Faulkner: Yeah, there was a great deal more dialogue from Saul himself. But as I pointed out to the filmmakers, “Thing is, given the amount of work that Paul did on his travels, I am unclear that he would have had enough time to visit a dialogue coach.” [Karamihos] has a Greek accent and I don’t. It’s not about an individual here. At the end of the day, you’re making a movie — you’re making a movie for an audience, and hopefully for a mass audience — and you mustn’t confuse them. Why mass entertainment works is because it’s emotional, and it behooves you as a filmmaker, or a participant in an exercise such as this, not to get in the way of the storytelling. That’s all. That’s all it is.
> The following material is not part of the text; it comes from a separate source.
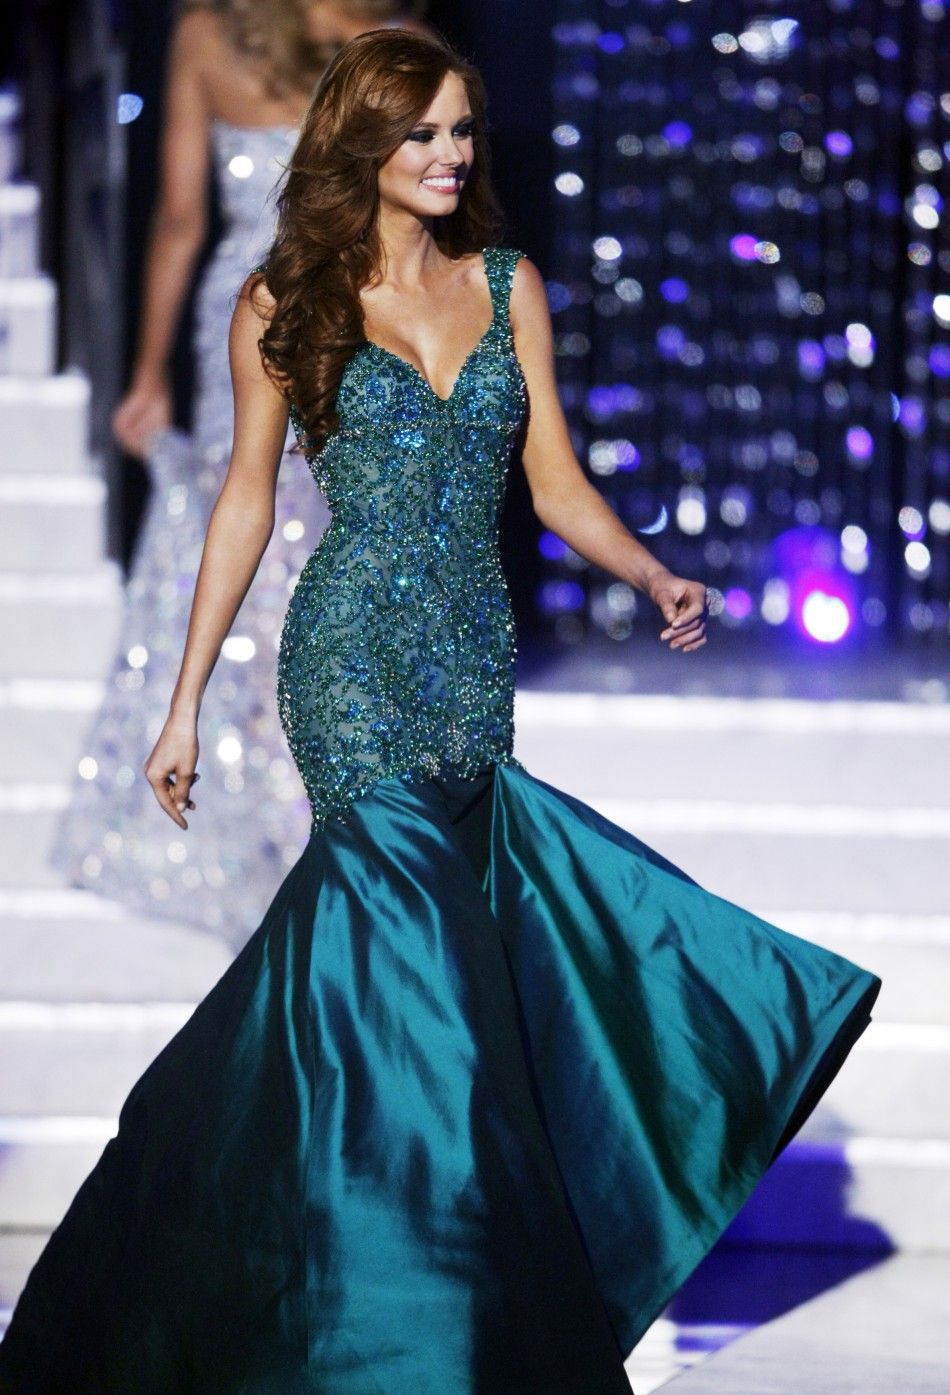 Miss California Alyssa Campanella competes in her evening gown during the 2011 Miss USA pageant in Las Vegas 20062011 System ID  RTR2NV80 Image ID  GM1E76K178201 Photographer  REUTERSSteve Marcus Miss California Alyssa Campanella competes in her 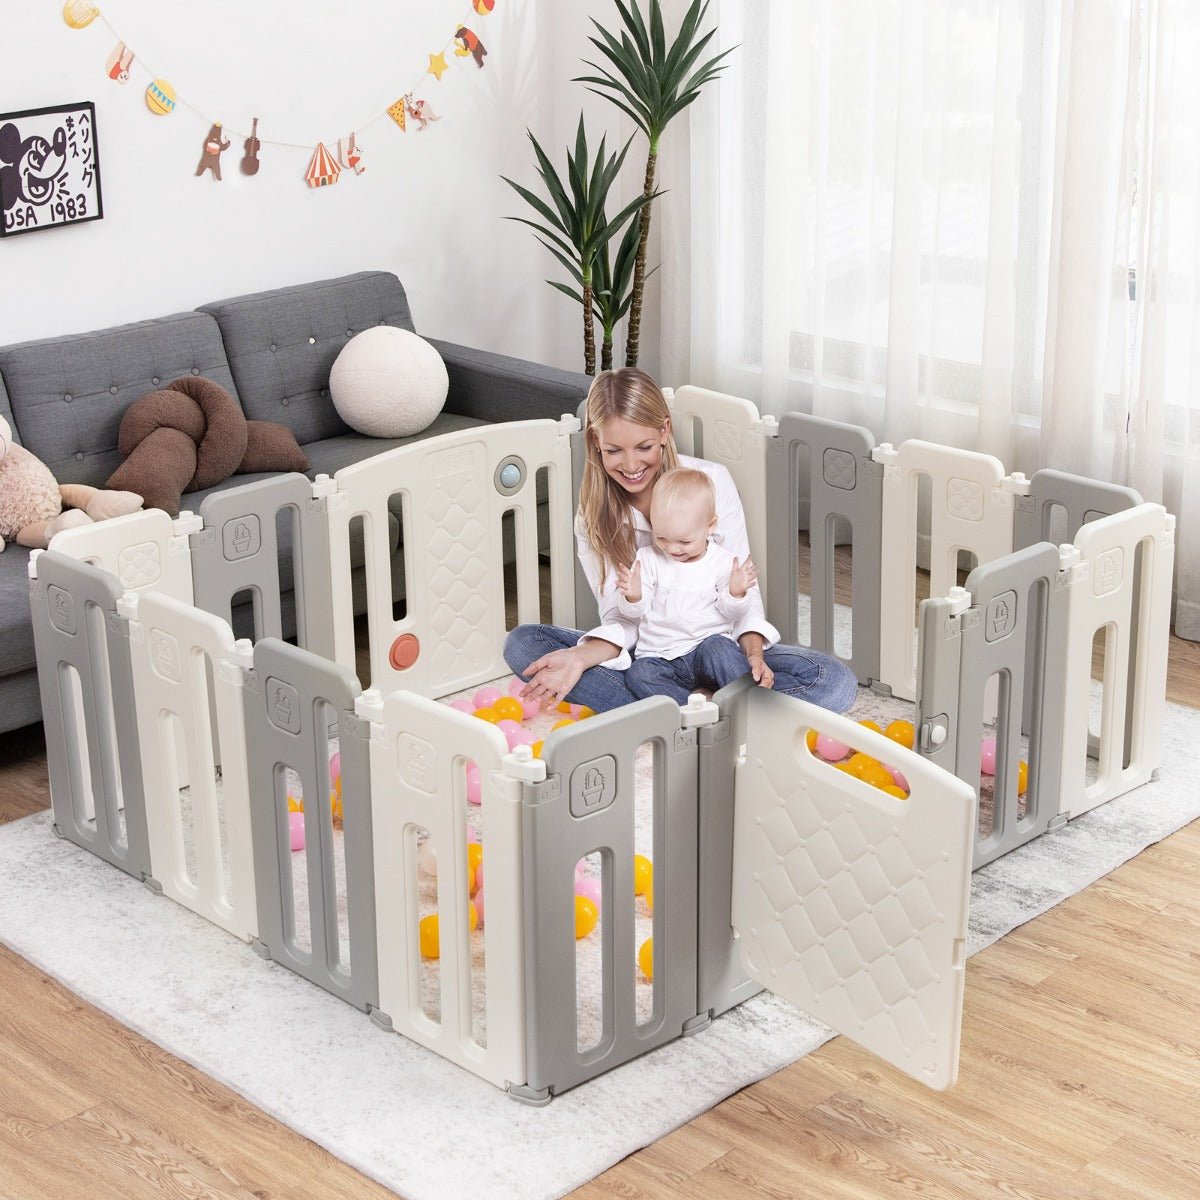 Toddler Play Yard with Safety Lock and Portability

And I’ve suffered in the past, and usually I understand why I’ve had to lose a scene.

I thought it held together. Certainly by the ending, I was surprised by how moved I was at the ending, where — spoiler alert — your character essentially sees the people that he persecuted, and of course, those characters are characters that the other actor would have encountered, but the movie does hold together so that when you see those characters in the very last scene, you get the full emotional impact of that.

Faulkner: There’s a moment in the cell where Paul says — you’re not quite sure what he’s on about — “I’m haunted by these people and I don’t know who they are, I don’t know where they are.” And he doesn’t know what it is. And then he’s confronted with them, and they forgive him, and it’s a much longer scene than is in the film, I must tell you, and I was utterly destroyed by it. I stood there and wept, crying my eyes out, while those wonderful extras held me. And we couldn’t put it in the film! It was too much of it! We were completely destroyed. We all knew what that extraordinary moment of redemption was, and it’s just lightly touched upon [in the film], but it was a deeply, deeply moving day.

Wow, because I thought that scene was very moving as it is in the film.

Faulkner: Yeah, well, the full-length version, you’d be on the floor. You’d be on your third box of Kleenex. It was extraordinary. It’s not often I cry on the set, I have to tell you. I wept buckets.

Was that planned, or did it just catch you by surprise?

Faulkner: No! It just happened. And the wonderful thing about shooting on Malta is that there are 365 churches on that tiny rock, it’s quite a devout island, Malta. They know the stories, they know it. And they knew exactly what it represented.

And Malta of course is actually mentioned in the Bible. It’s where Paul had one of his shipwrecks.

Faulkner: Indeed! And where he was bitten by the serpent. We couldn’t do that, but I want you to know, I insisted on two puncture marks on my hand in make-up.

Oh really?

Faulkner: Yeah.

I certainly didn’t notice it on screen, but that’s fascinating.

Faulkner: No, but it’s there!

Right hand or left hand?

Faulkner: I think we put it on the right hand. There are a number of images of Paul casting the serpent from him into the fire, and whichever hand he uses, we put the puncture marks there on the back of the hand.